Все эти подробности описаны в одной из самых потрясающих глав воспоминаний Шаламова — «Ася». Ася была та самая Александра Игнатьевна Гудзь, сестра жены, одна из близких ему духовно людей, арестованная в декабре 1936 года и оказавшаяся в итоге почти рядом с ним на Колыме. Она узнала, что он тоже «здесь», но это «здесь», как писал Шаламов, было для него тогда за гранью реальности — «Москва, Антарктида, Генеральный секретарь ВКП(б)?», и он поначалу не мог понять — кто его разыскивает, кто передает записку? Он лежал в полузабытьи, его тормошили, спрашивали, есть ли у него родственники на Колыме, он отвечал «нет», потому что ничего не знал о судьбе Аси. Записку от нее привезли с Эльгена, Шаламов запомнил ее примерное содержание: «Я искала тебя с самого первого дня, как вступила на колымскую землю. И вдруг такая неожиданность, узнаю, что ты просто рядом, ничего больше не пишу, жди меня завтра, и мы обо всем поговорим».

Шаламов не верил в эту встречу — не только потому, что разучился верить какому-то маленькому счастью на Колыме, но прежде всего потому, что сам он в это время находился в той степени дистрофии, которую характеризует заторможенность всех реакций и сумеречное состояние. Его ответы на вопросы склонившихся над ним докторов: «Тебя ищут, у тебя есть родственница… Тварь, отвечай!» — закончились только его краткой запиской: «Ася, мне очень плохо. Перешли мне хлеба и табаку».
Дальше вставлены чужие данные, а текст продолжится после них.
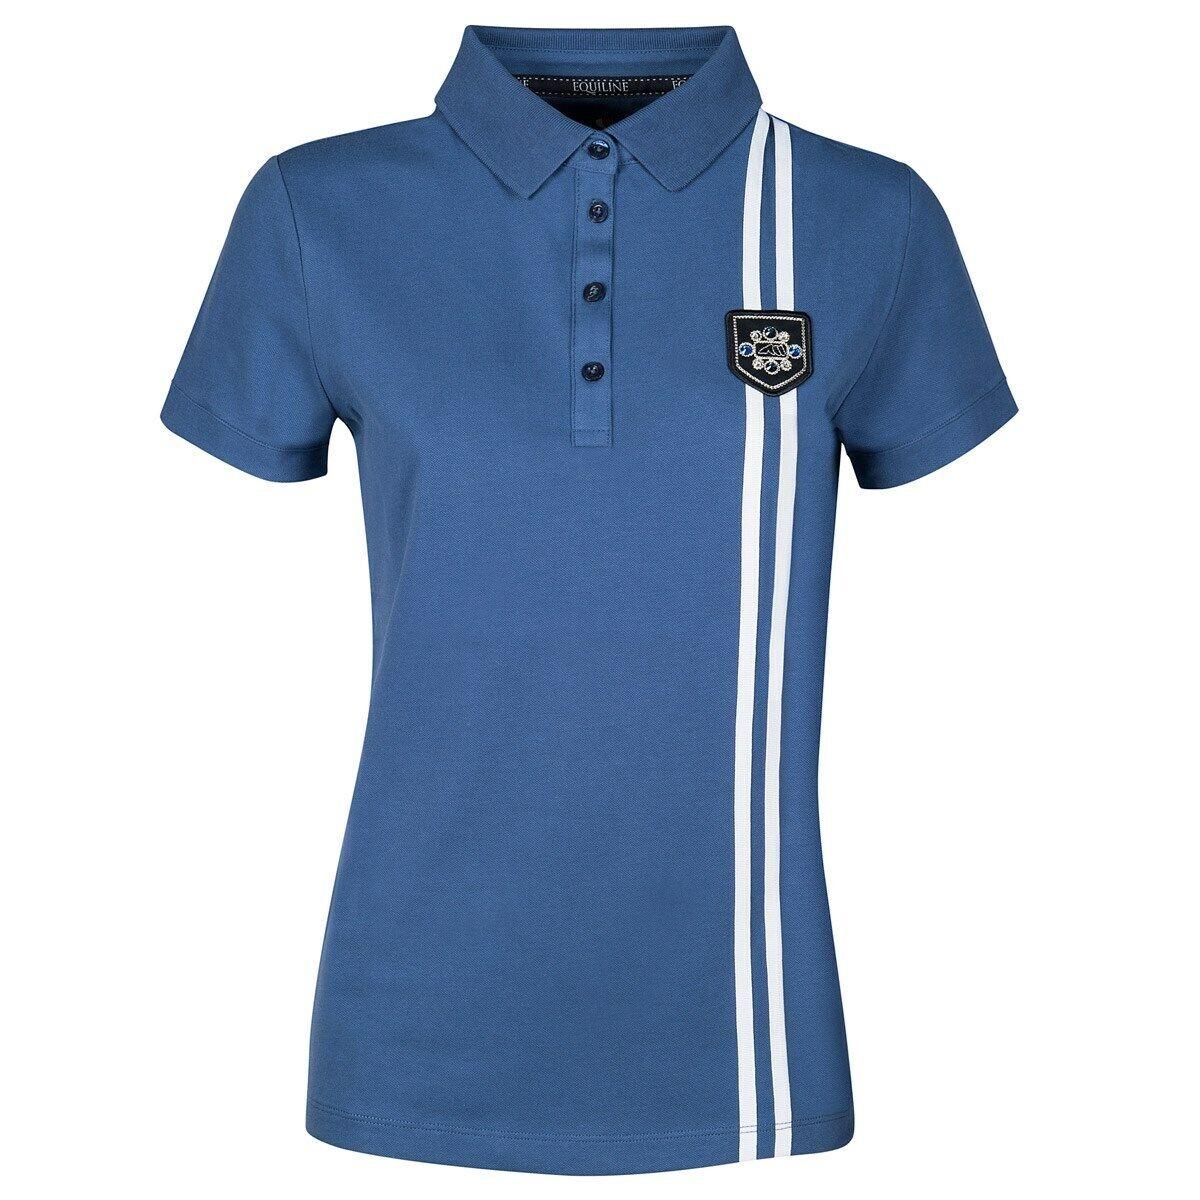 Equiline Royal Polo Shirt Top ladies short sleeve niagara bluee size S + M

Ему обещали встречу назавтра — врачи сказали, что Ася сама приедет, ей дадут машину. Но завтра не наступило — Александра Игнатьевна Гудзь неожиданно умерла — она уже была больной и скончалась от крупозного воспаления легких.

Дата ее смерти — 17 февраля 1944 года, в стационаре лагеря «Эльген» — подтверждается справкой, разысканной почти 60 лет спустя магаданским писателем и следователем А.М. Бирюковым. Справка эта, несомненно, важна во всех отношениях—и для датировки всей трагедии, и для уточнения сроков пребывания Шаламова в больнице на Беличьей. Но, к глубокому сожалению, комментарий к этой справке Бирюкова обнаружил абсолютное непонимание автором ситуации и его нравственную глухоту. Ведь он назвал ответ Шаламова «мне очень плохо» — ни больше ни меньше, как «лукавым»! Будто тот был вполне здоров и не лежал, облезая кожей, на топчане для «доходяг»… (На источник вывода о «лукавости» не ссылаюсь, при желании его можно легко найти в Интернете, и крайне жаль, что А.М. Бирюков, ныне умерший, оказался столь пристрастен — и многократно, как и Б. Лесняк, — к Шаламову) Всякие домыслы имеют свойство растворяться и растекаться в этом мире, но ведь за каждым движением чьей-то прихотливой фантазии не угонишься. И могли реально Шаламов встретиться со своей единственной родственницей на Колыме — не нам судить…

вернуться

43

На Колыме говорили именно «на командировку». «Командировками» назывались отдаленные таежные участки.